• Task:
Copy each line below as written, but skip the pictures.

• Information provided:
++++++

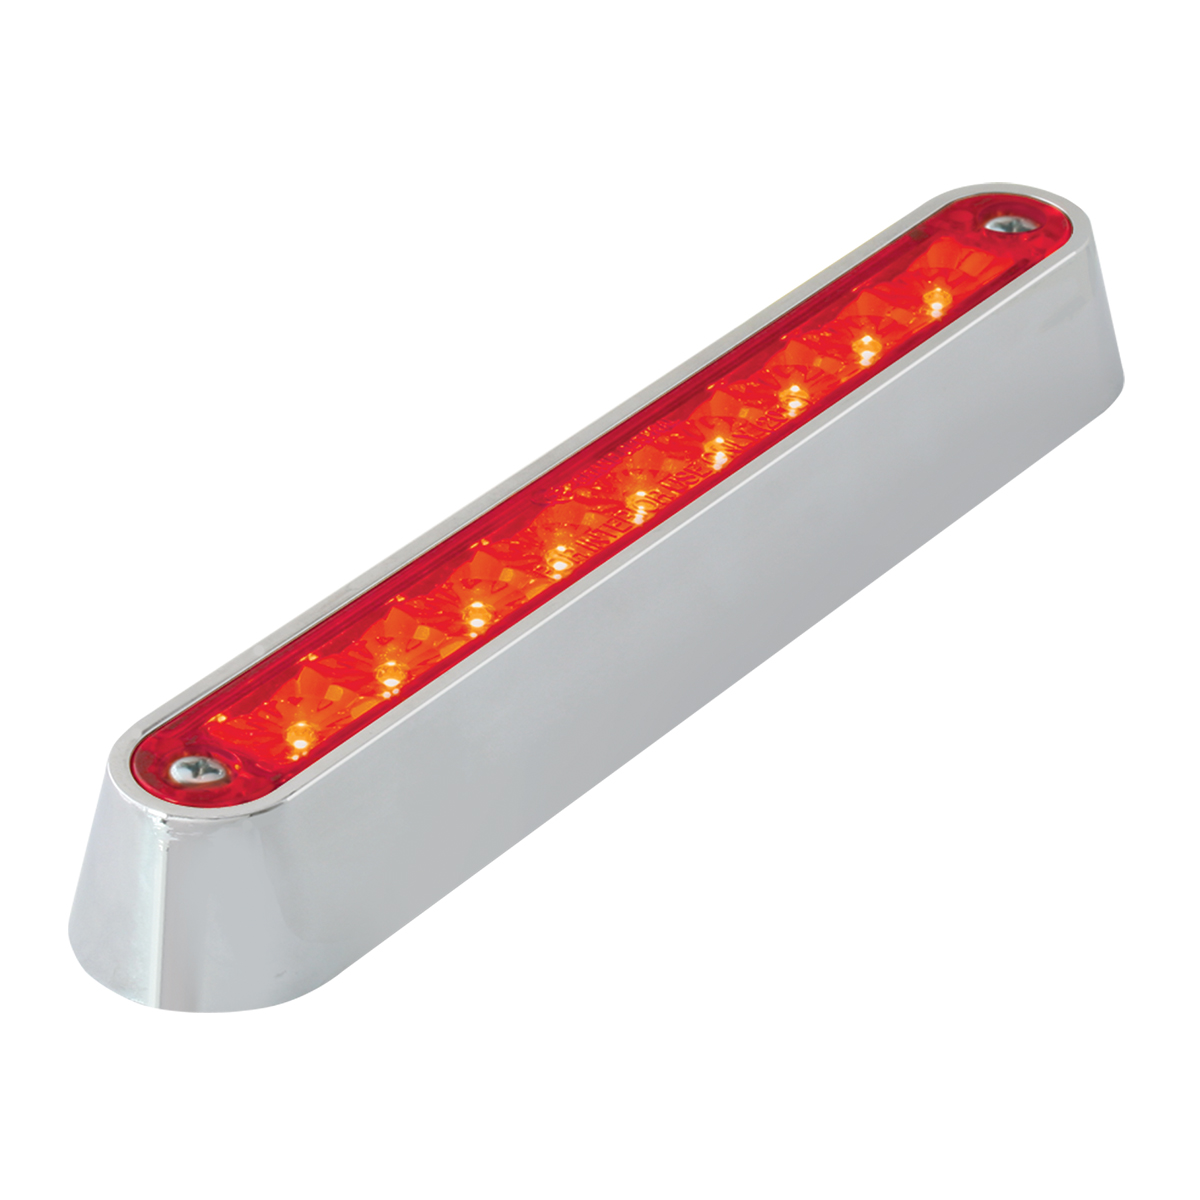 "76092 6.5"" Surface Mount LED Light Bar w/ Chrome Plastic Base"
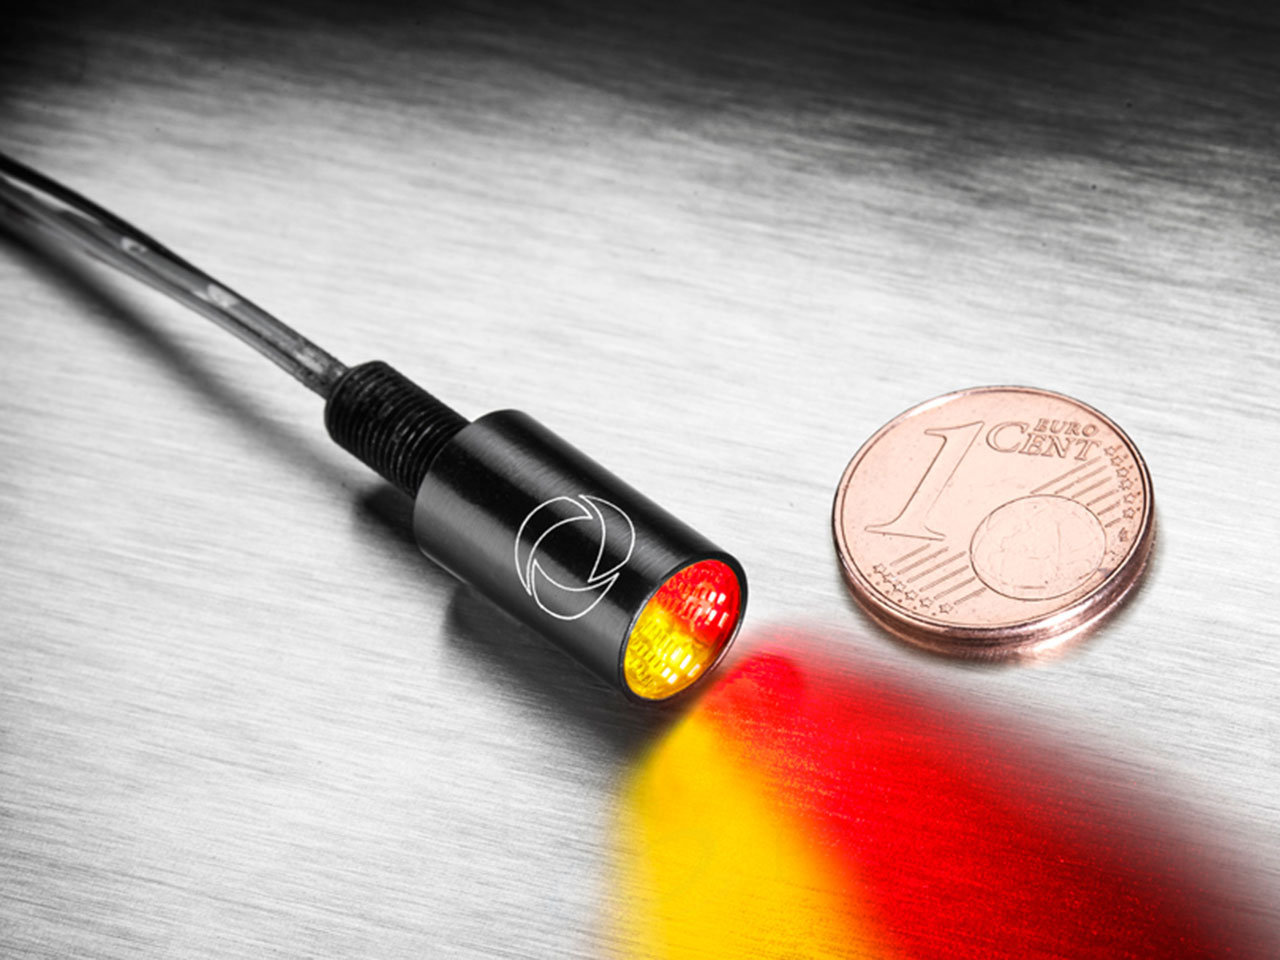 Kellermann / ケラーマン Atto DF Integral / アトー DF インテグラル 尾灯・制動灯機能付き ウインカー
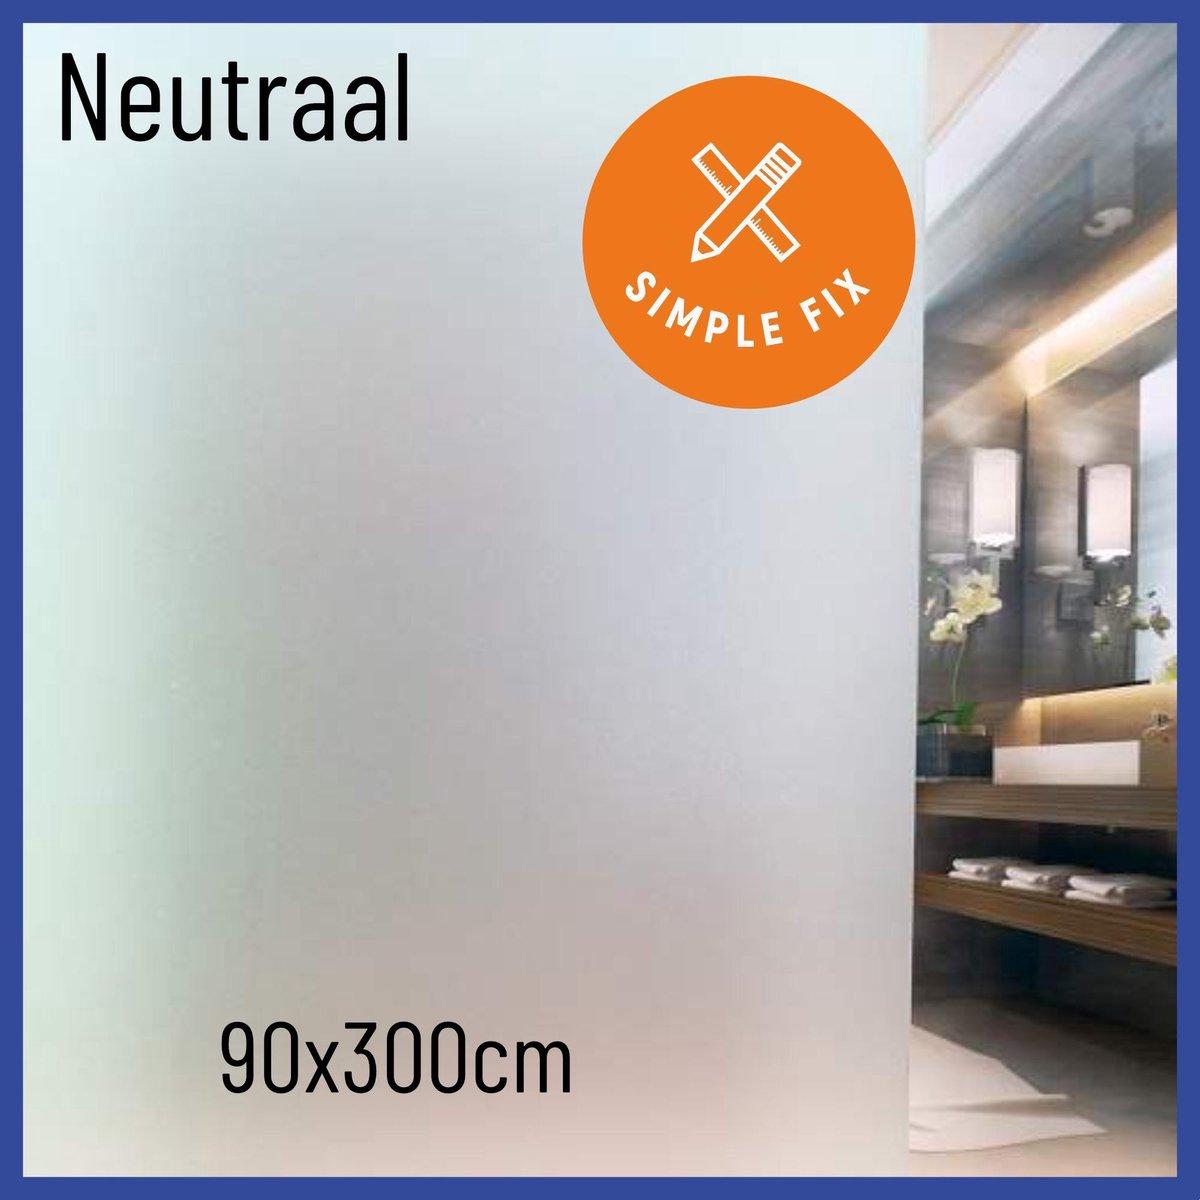 Raamfolie - 90cm x 300cm - Plakfolie - Zelfklevend - Statisch - Privacy Verhogend - Anti Inkijk

++++++

• Result for this exercise:
 "76092 6.5"" Surface Mount LED Light Bar w/ Chrome Plastic Base"
 Kellermann / ケラーマン Atto DF Integral / アトー DF インテグラル 尾灯・制動灯機能付き ウインカー
 Raamfolie - 90cm x 300cm - Plakfolie - Zelfklevend - Statisch - Privacy Verhogend - Anti Inkijk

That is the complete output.